This study investigates the bidirectional co-evolution between predictive systems and user populations: how machine learning drives long-term population dynamics when users autonomously adopt or abandon a system based on prediction quality. Methodologically, we integrate evolutionary game theory into predictive system analysis, constructing a dynamic co-evolutionary model analyzed via stability theory and validated through empirical simulations on both real and synthetic datasets. Theoretically, we find that under unbounded resources, reinforcement amplifies the Matthew effect; in contrast, realistic resource constraints enable stable coexistence of multiple user strategies—challenging the canonical “survival-of-the-fittest” unidirectional paradigm. Experiments confirm this multi-strategy equilibrium in recommendation and credit scoring applications. Our core contribution is twofold: (i) establishing learning algorithms as endogenous drivers of natural selection in human-system interactions, and (ii) proposing the first formal theoretical framework characterizing user-system co-evolution.

When users decide whether to use a system based on the quality of predictions they receive, learning has the capacity to shape the population of users it serves - for better or worse.
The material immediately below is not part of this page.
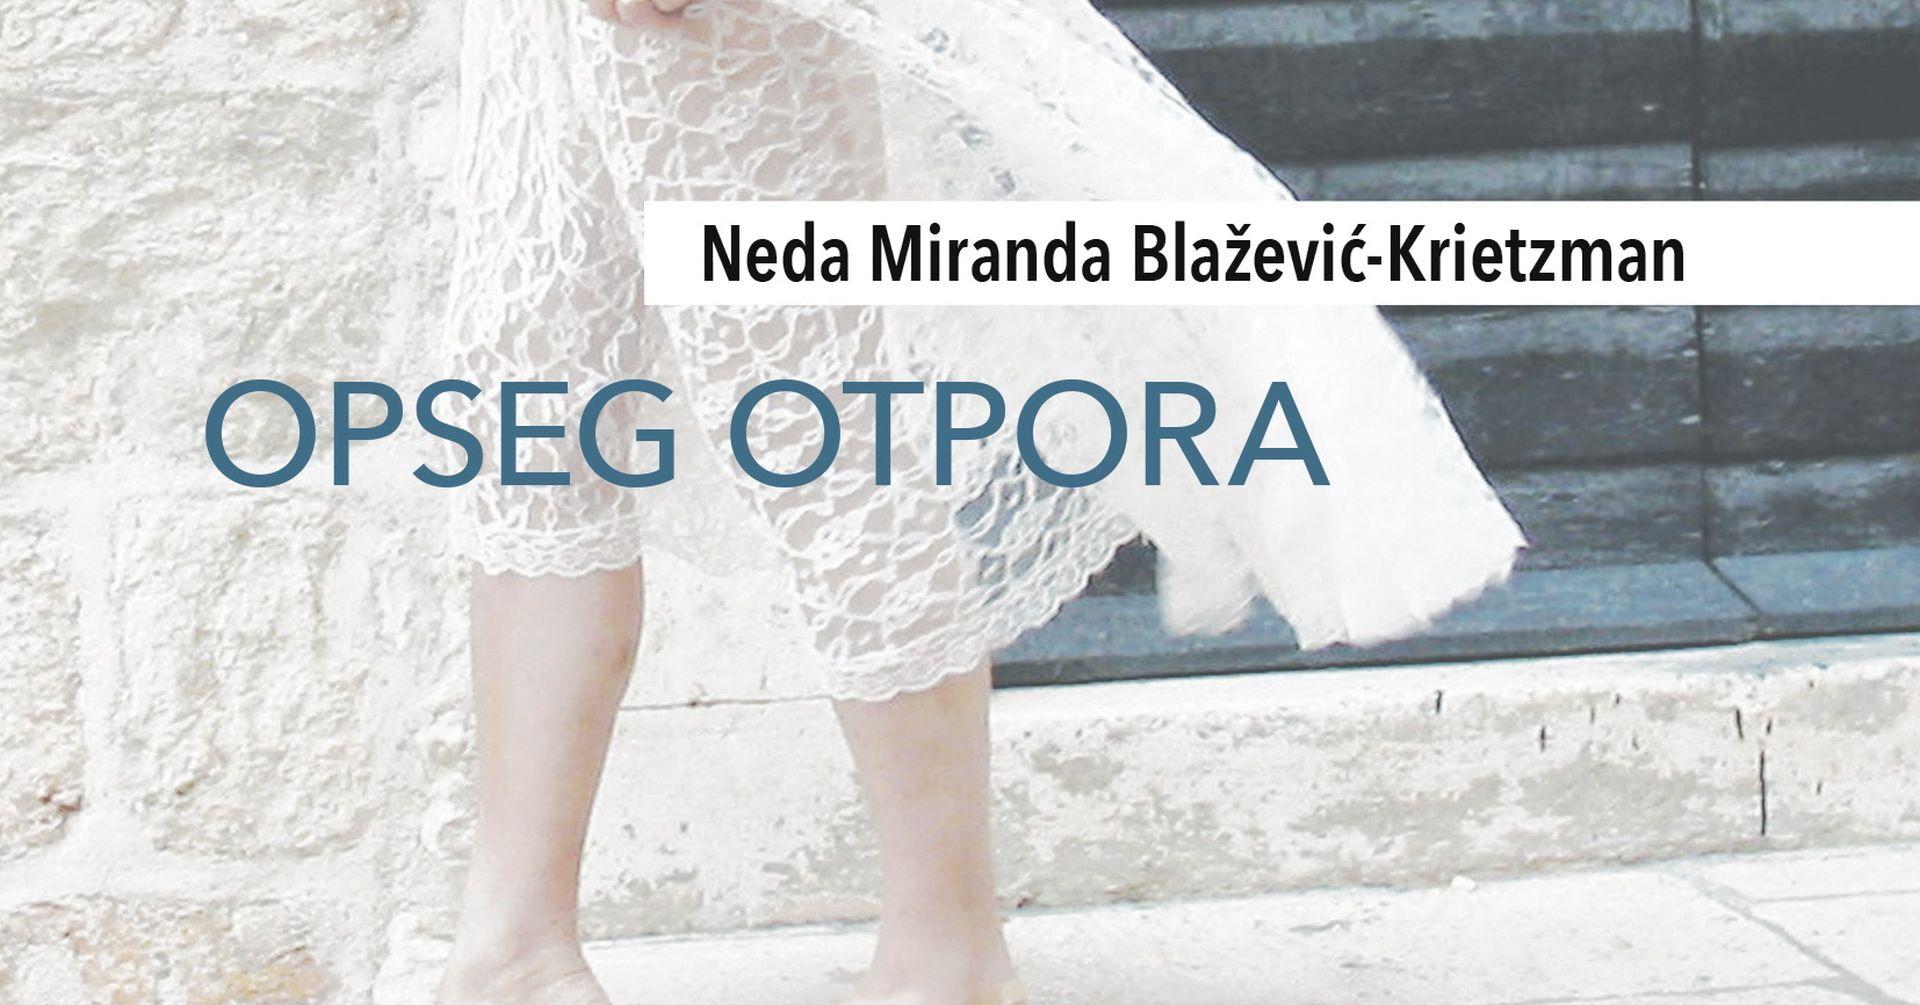 ZBF Predstavljena autobiografija Nede Mirande Blažević-Krietzman

This work aims to study the long-term implications of this process through the lens of evolutionary game theory. We introduce and study evolutionary prediction games, designed to capture the role of learning as a driver of natural selection between groups of users, and hence a determinant of evolutionary outcomes. Our main theoretical results show that: (i) in settings with unlimited data and compute, learning tends to reinforce the survival of the fittest, and (ii) in more realistic settings, opportunities for coexistence emerge. We analyze these opportunities in terms of their stability and feasibility, present several mechanisms that can sustain their existence, and empirically demonstrate our findings using real and synthetic data.